● Work task
The answer is the line with "N gauge railway" and every line after it to the end of the listing, retyped exactly. Pictures do not belong in it.

Data below START

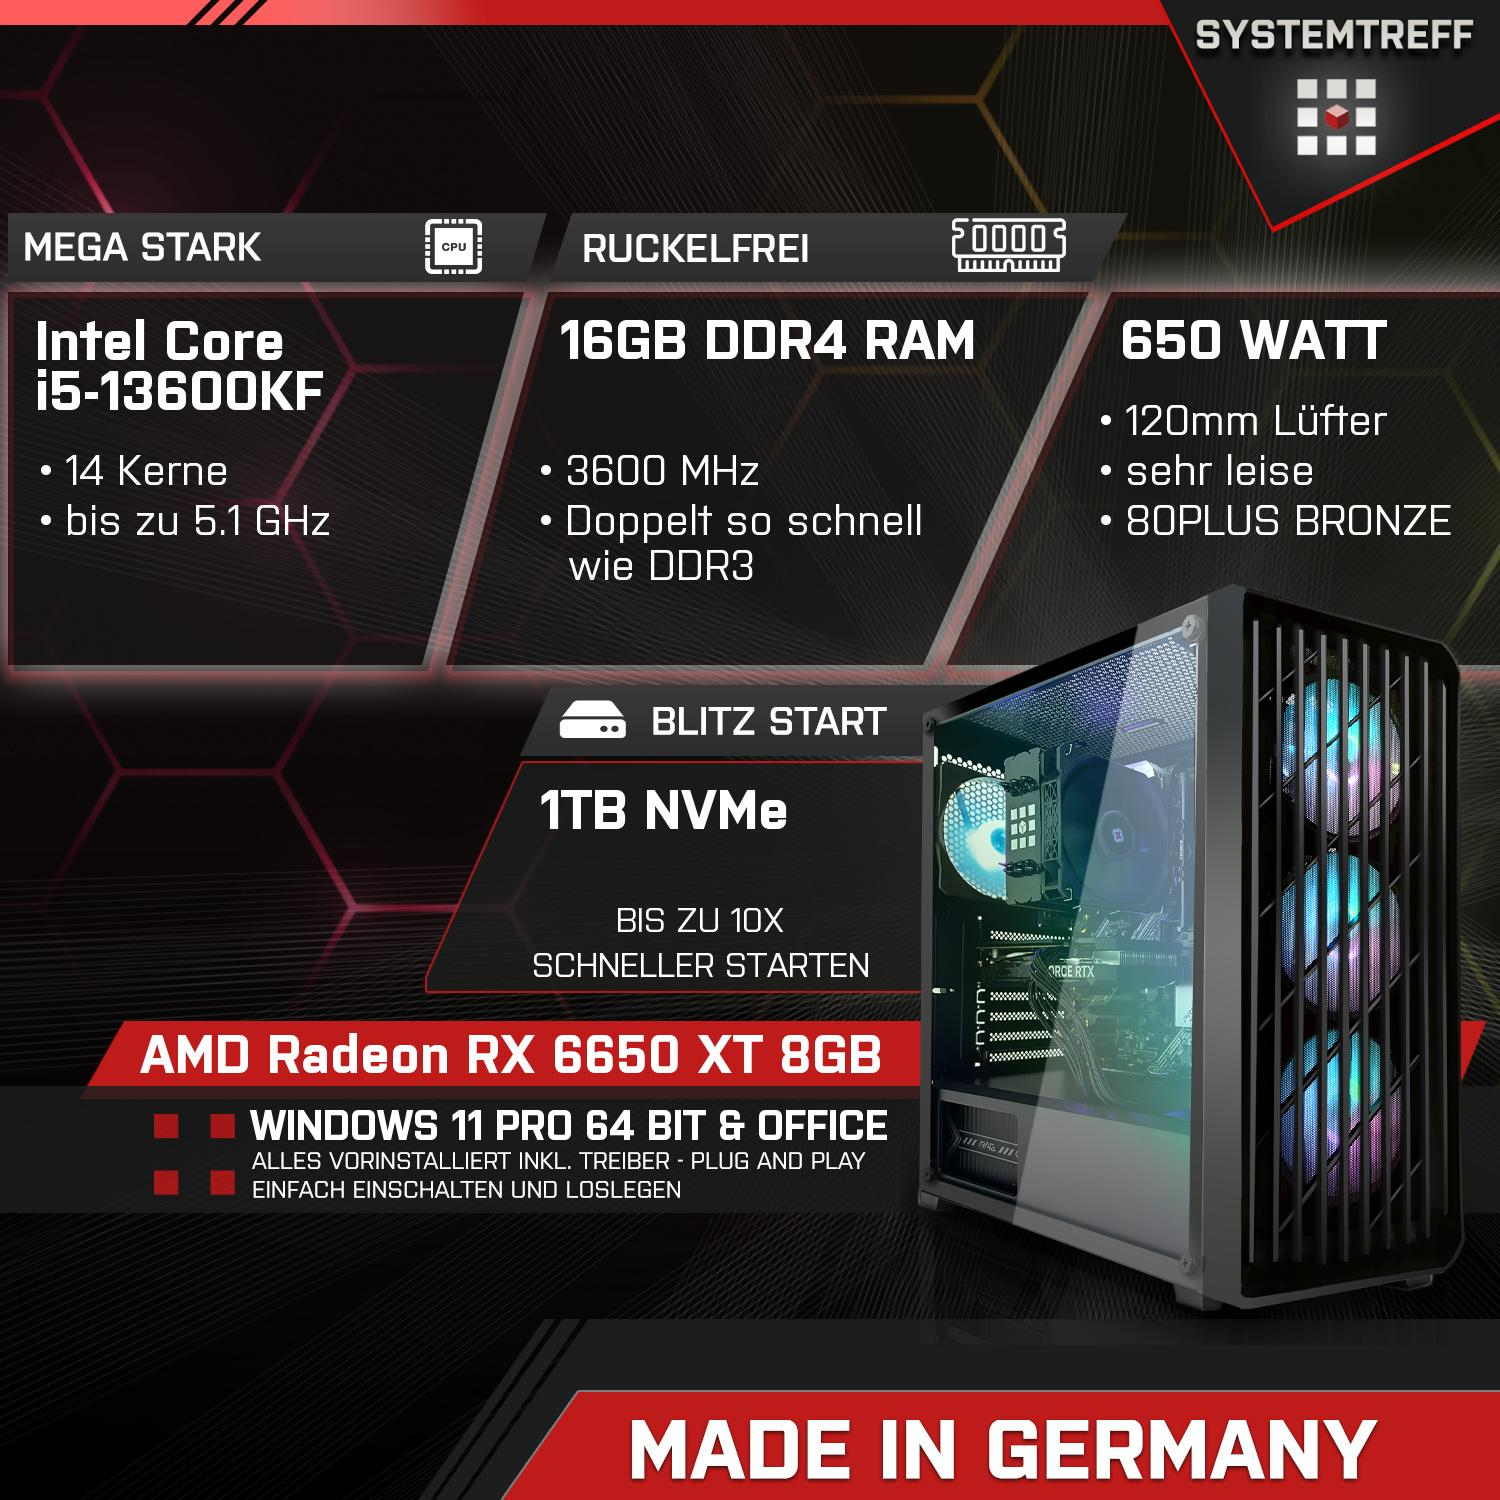 GDDR6, Komplett Gaming GB RAM, mit AMD Radeon mSSD, Komplett GB i5-13600KF PC GB Core 16 Intel 8 Prozessor, RX 6650 8GB SYSTEMTREFF 1000 XT i5-13600KF,
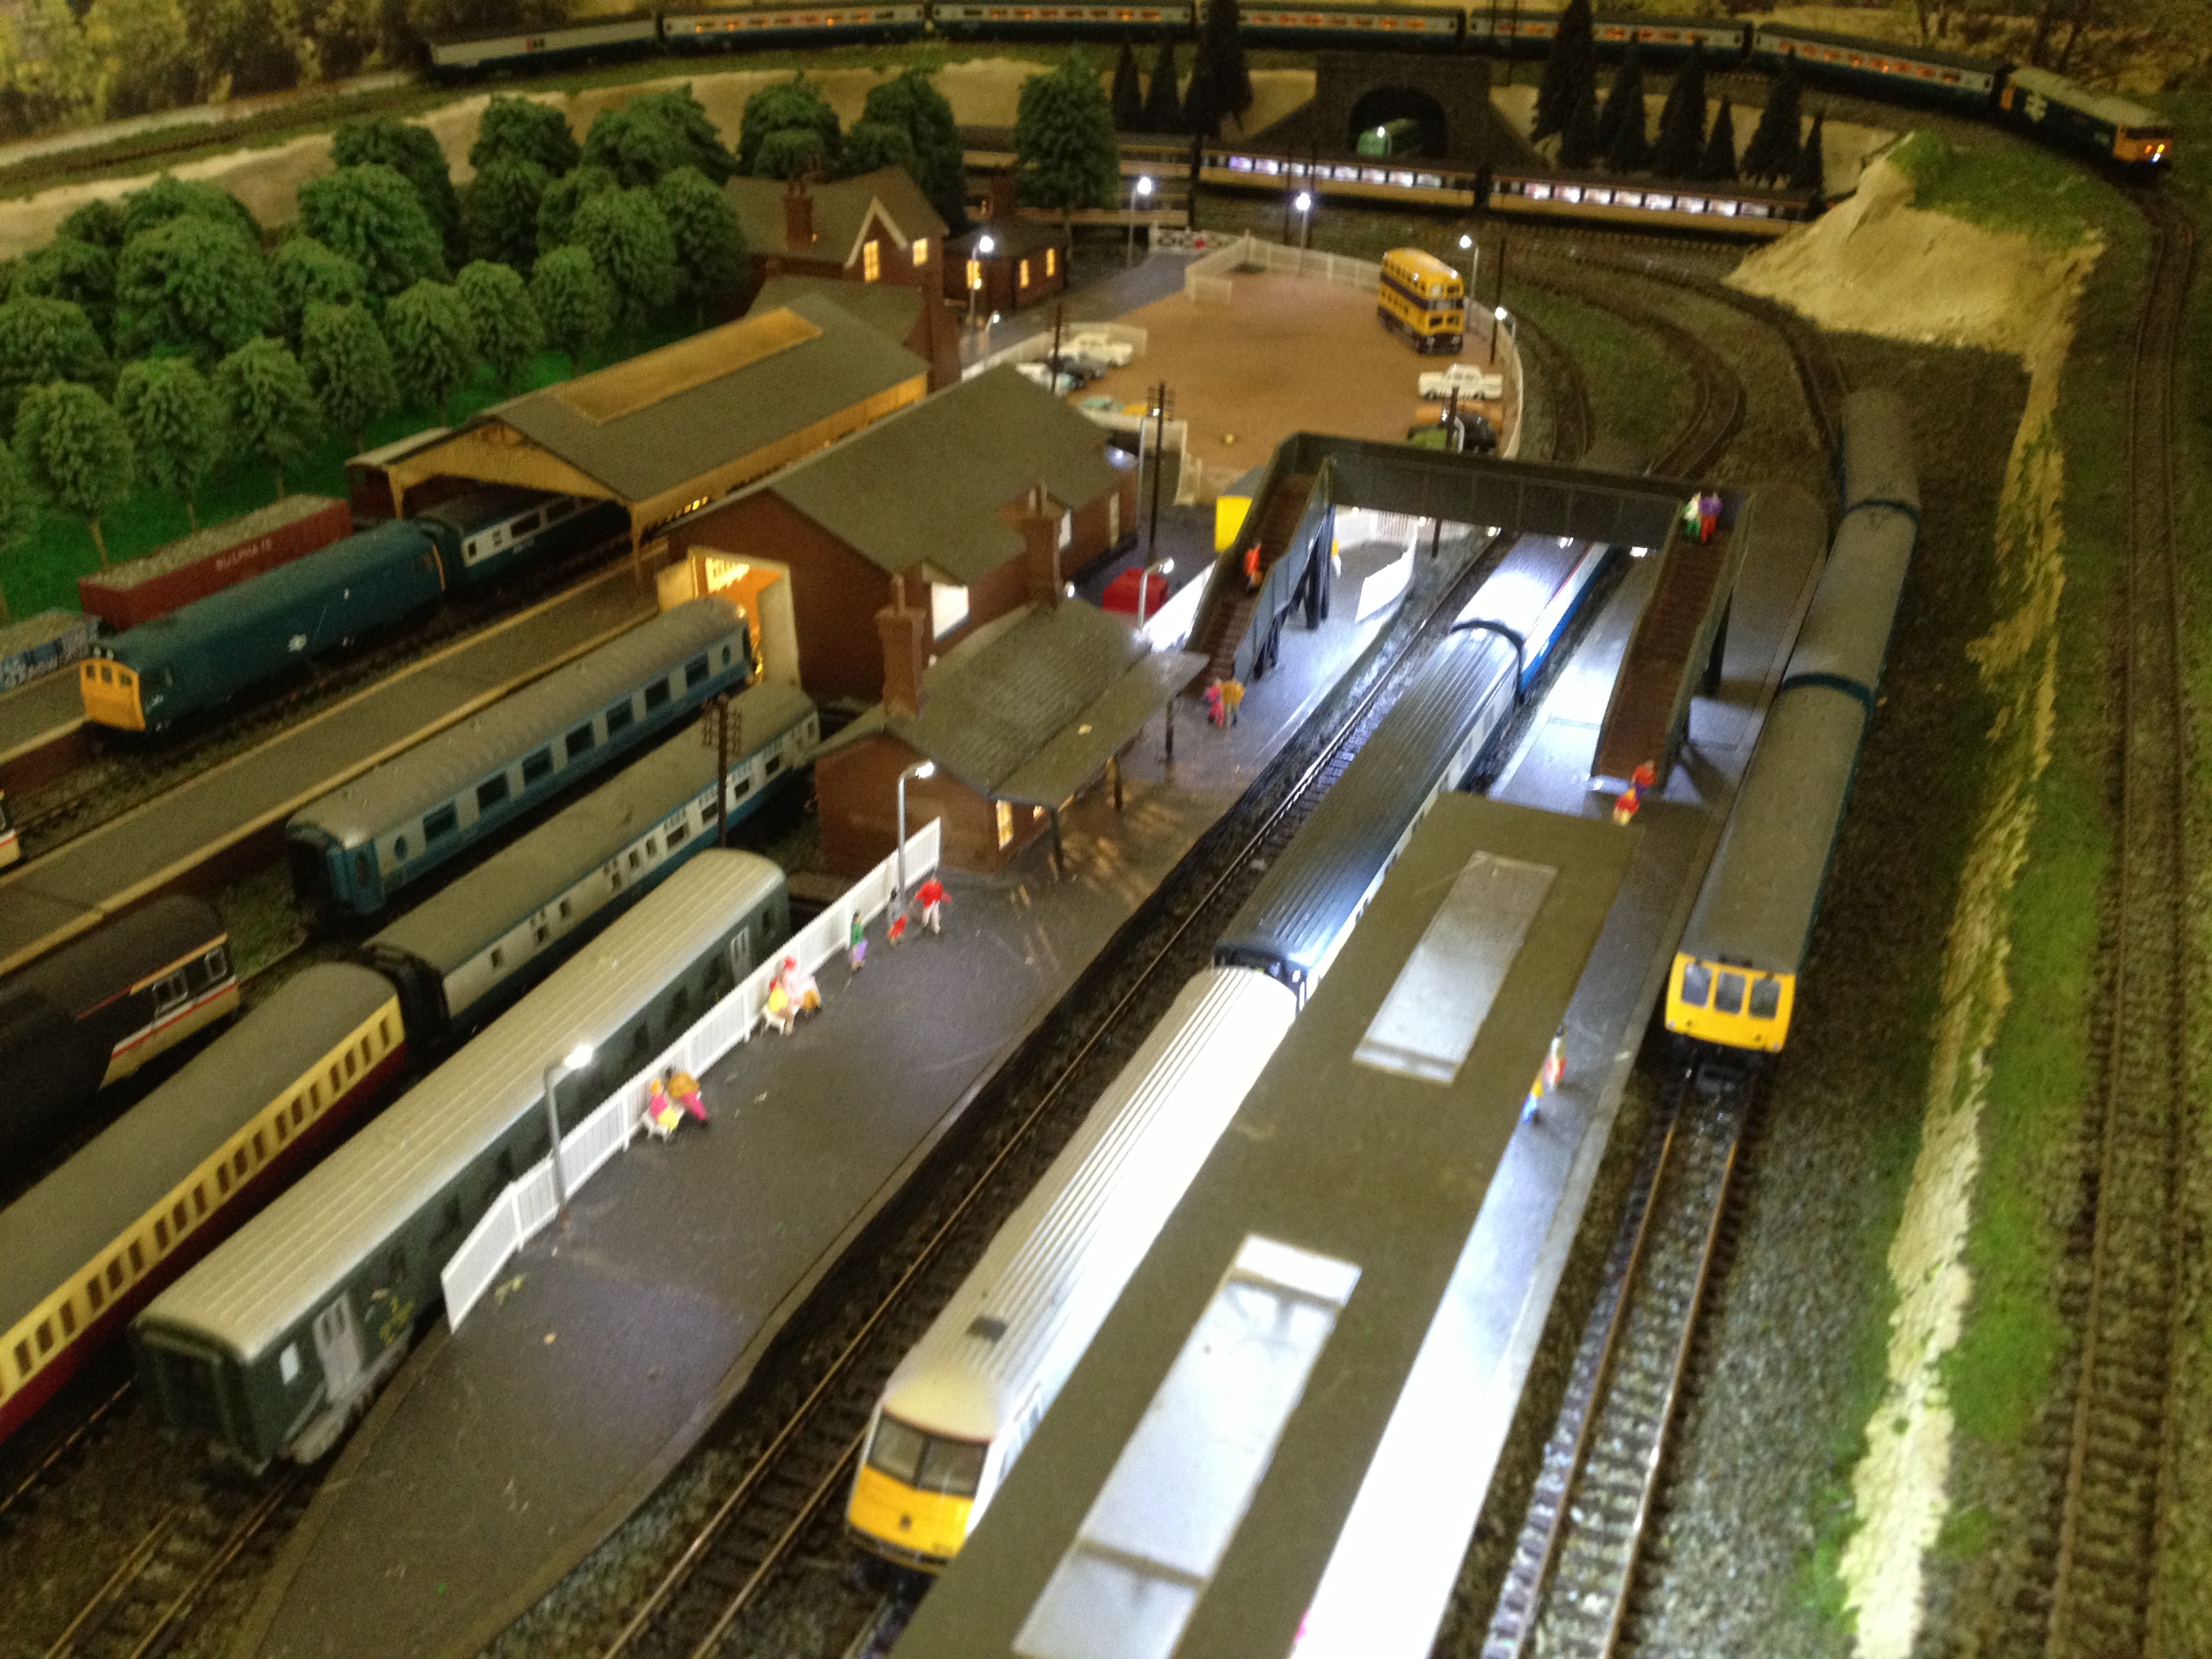 N gauge railway layout - Peters - Model railroad layouts plansModel
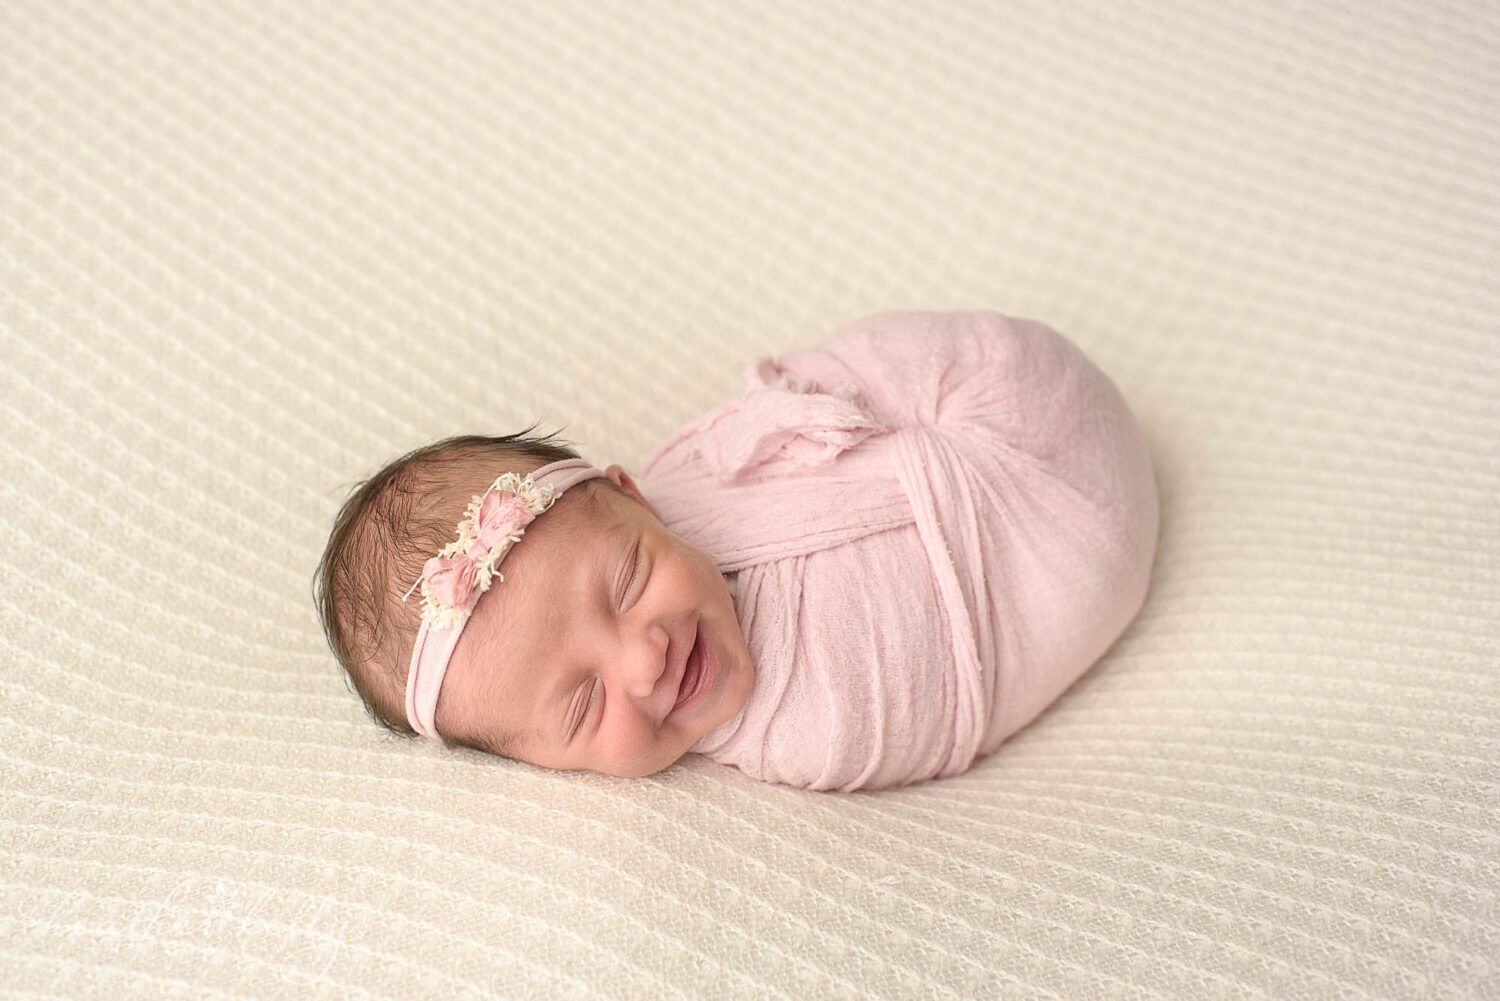 southbury ct newborn photography
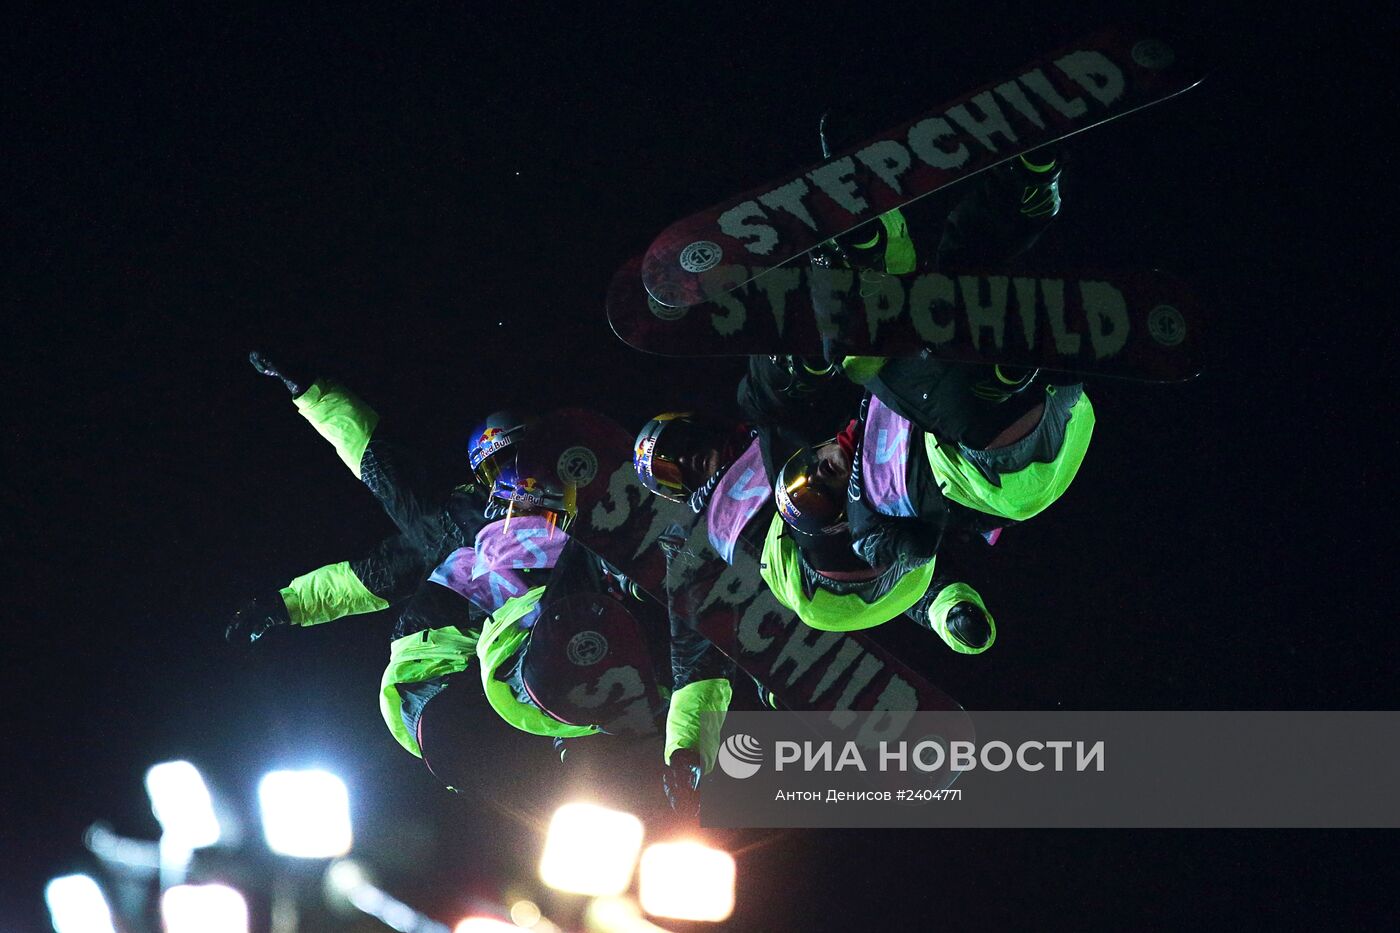 Фестиваль экстремальных видов спорта Grand Prix de Russie

Data below END

● Response area
 N gauge railway layout - Peters - Model railroad layouts plansModel
 southbury ct newborn photography
 Фестиваль экстремальных видов спорта Grand Prix de Russie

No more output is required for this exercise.